Время от времени пароход останавливается у пристани, слева или справа, «то в империи, то в королевстве», как говорили в средние века, во времена Арльского королевства,[39] и как говорят по сию пору старые ронские матросы. У каждой пристани белеет среди деревьев ферма. С пароходика сходят работники с инструментами, женщины с корзиной на руке чинно идут по сходням. Понемногу, останавливаясь «то в империи, то в королевстве», пароход пустеет, и когда он доходит до пристани Мас-де-Жиро, где нам выходить, на борту почти никого уже нет.

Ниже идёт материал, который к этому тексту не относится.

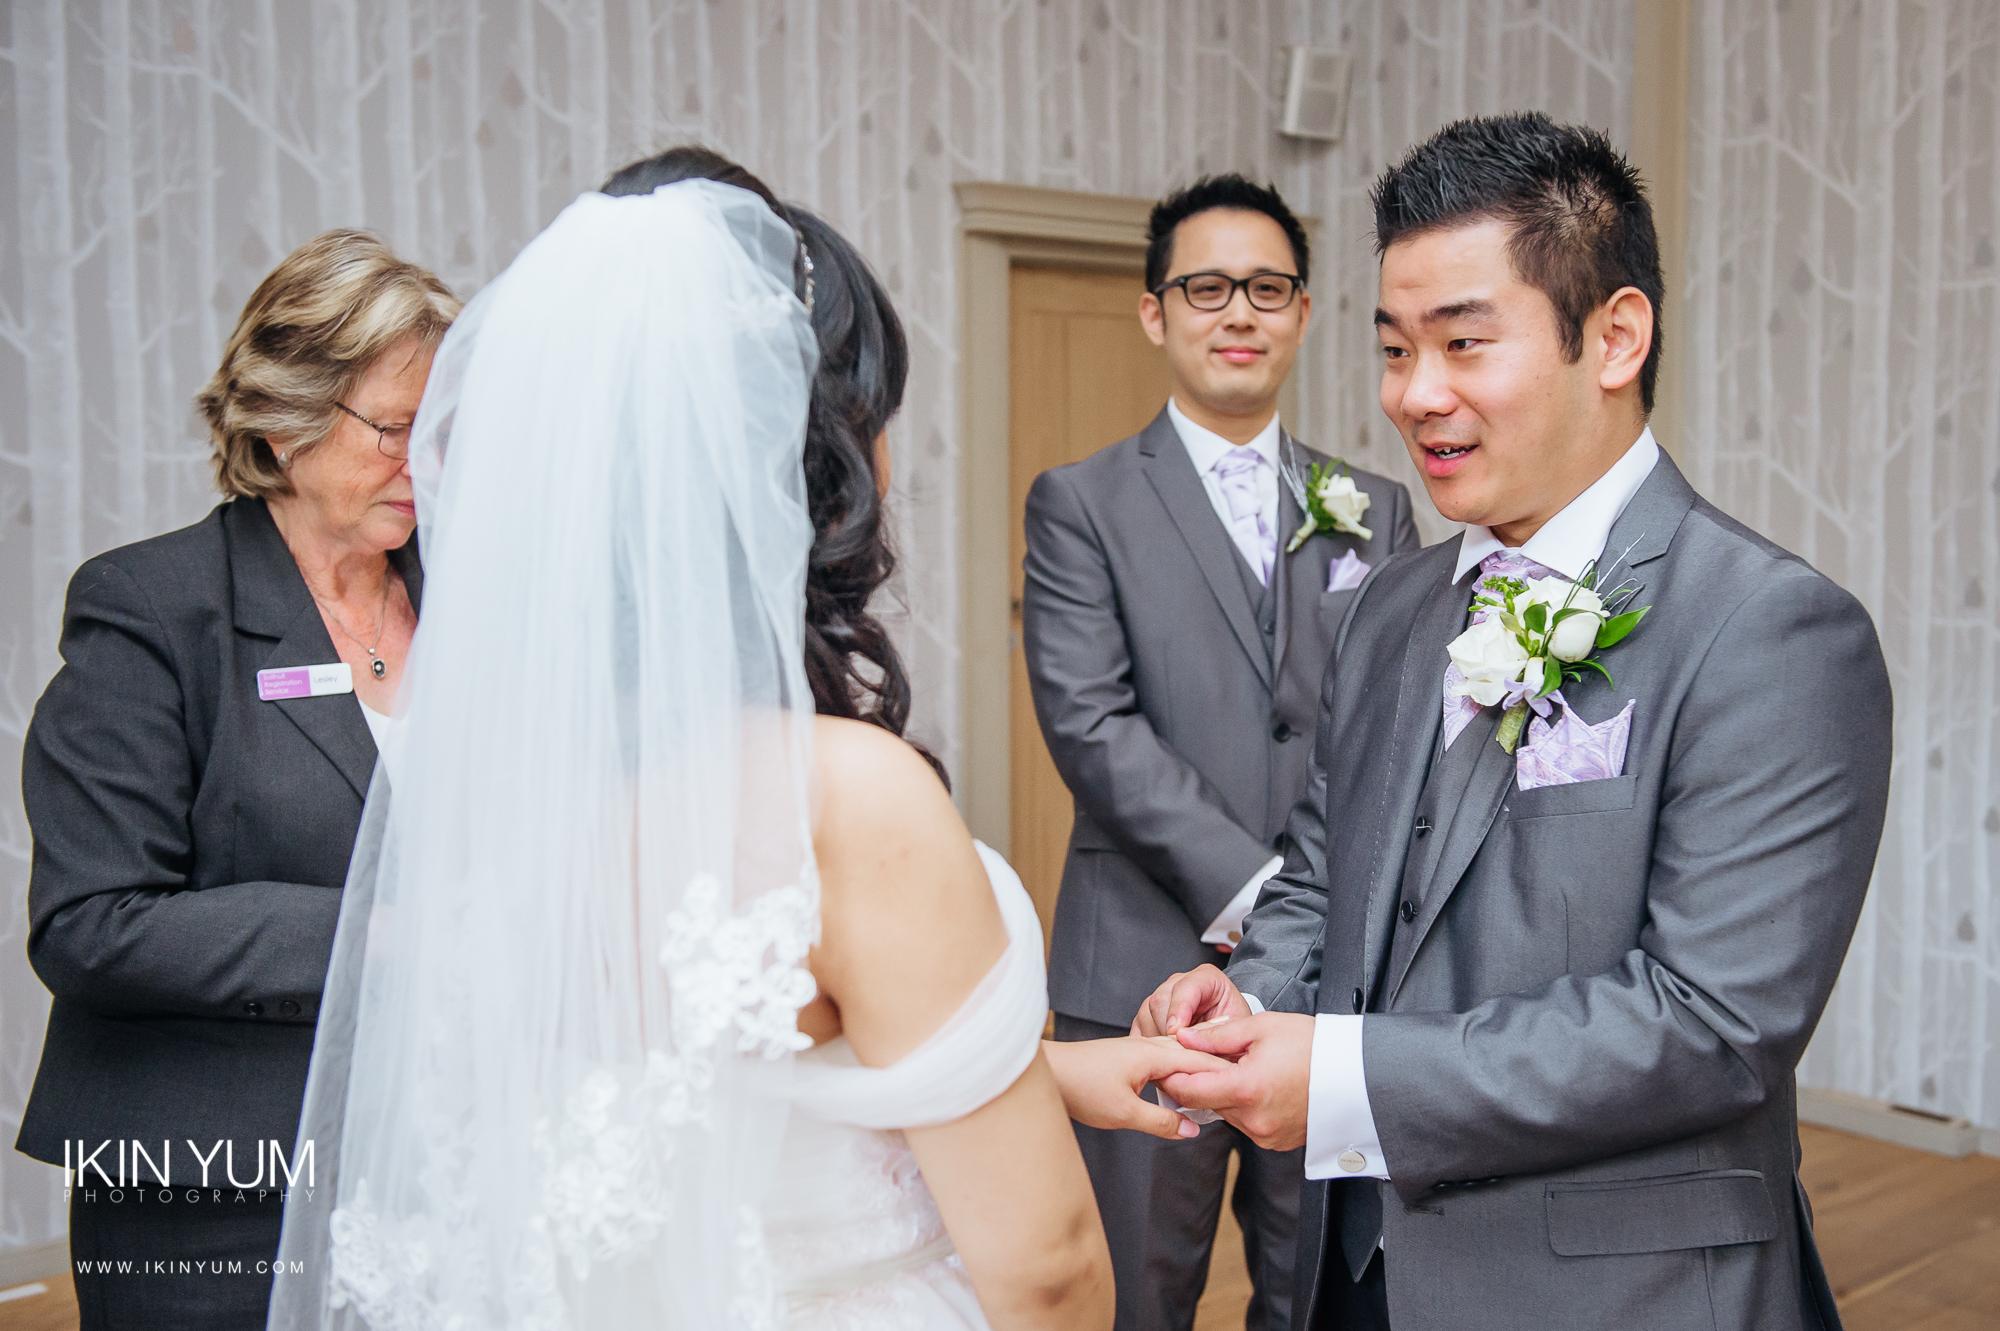 Hampton Manor Wedding - Ikin Yum Photography -080.jpg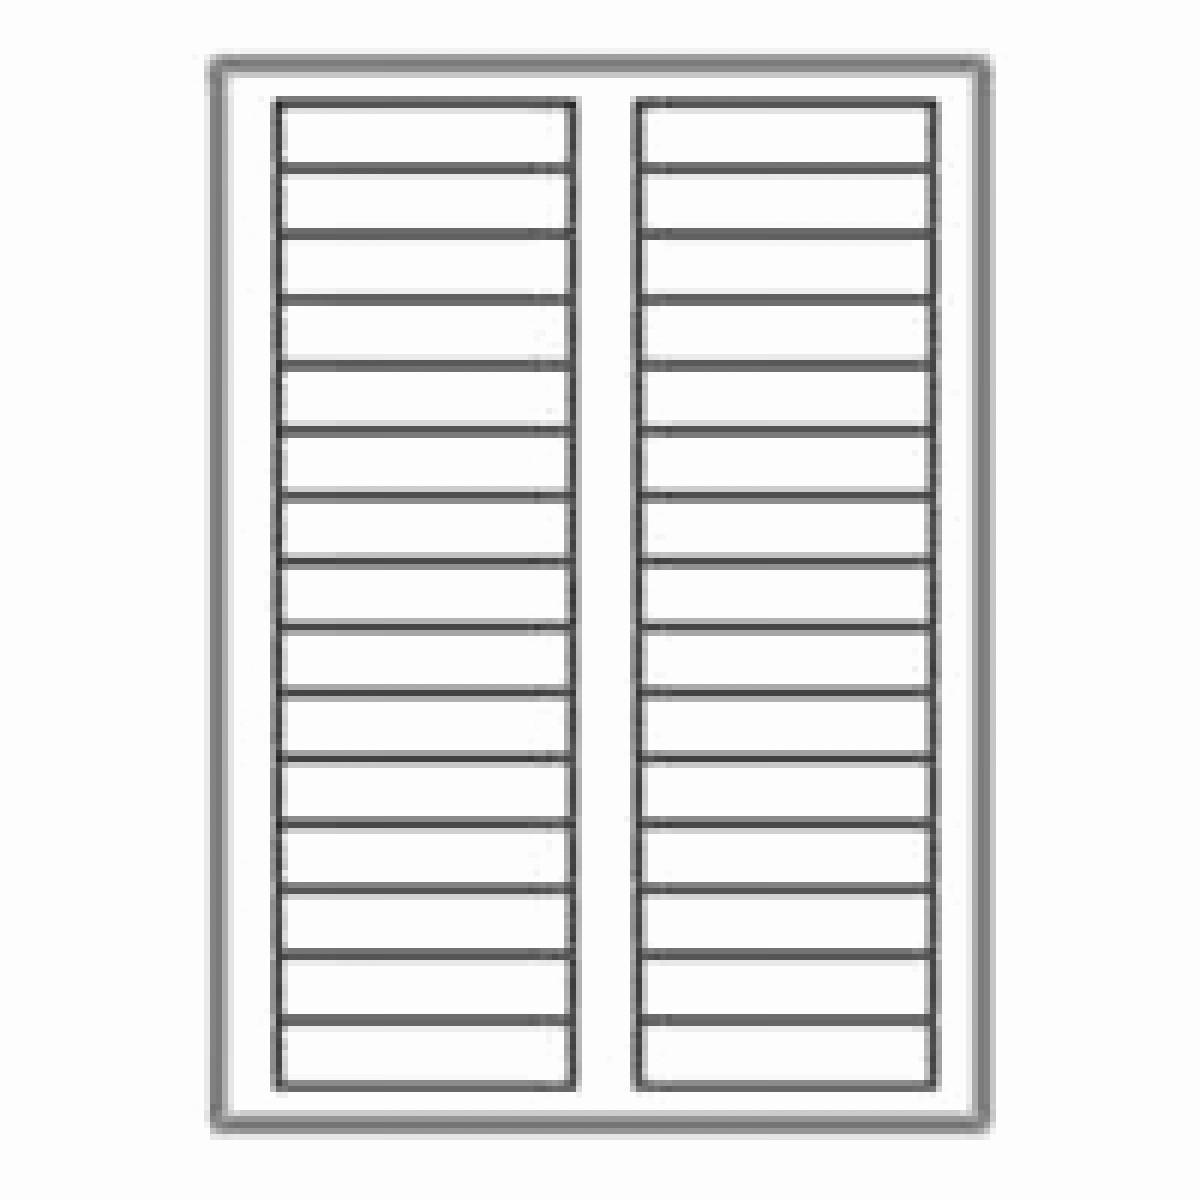 "Mailing Labels 30 Per Sheet Fresh 3000 Neato Filing Labels 30 Per Sheet 2 3"" X 3 7 16"

Мас-де-Жиро — старинная ферма господ де Барбантан. Там мы будем дожидаться сторожа, который должен заехать за нами. За столом в высокой кухне сиди г все мужское население фермы: землепашцы, виноделы, пастухи, подпаски; они медленно жуют, молча, сосредоточенно, а женщины, которые обычно едят после, прислуживают. Вскоре появляется сторож в своей одноколке. Настоящий герои Фенимора Купера, охотник на воде и на суше, охраняющий от браконьеров дичь и рыбу… Местные жители зовут его
Возделанные поля кончились, вот мы и в самом сердце Камарги. Куда ни глянешь — среди пастбищ, среди болот, — поблескивают в траве каналы. Кусты тамариска и тростник кажутся островками на спокойном море. Высоких деревьев совсем нет. Создается впечатление ровной, безбрежной глади. Кое-где, почти вровень с землей, видны низкие кровли загонов для скота. Разбросанные там и сям стада лежат в солончаковой траве или медленно бредут, сгрудившись вокруг бурого плаща пастуха, не нарушая однообразия равнины, — они теряются в этих синеющих просторах под широким куполом неба. Как от моря, несмотря на его волны, от этой долины веет одиночеством, необъятностью! И чувство это еще усиливается от мистраля, который дует неустанно, беспрепятственно и своим мощным дыханием словно еще сглаживает, расширяет пейзаж. Все склоняется перед ним. Даже на кустиках сказываются его порывы: они изогнулись, они стелются по земле, они как бы вечно бегут к югу.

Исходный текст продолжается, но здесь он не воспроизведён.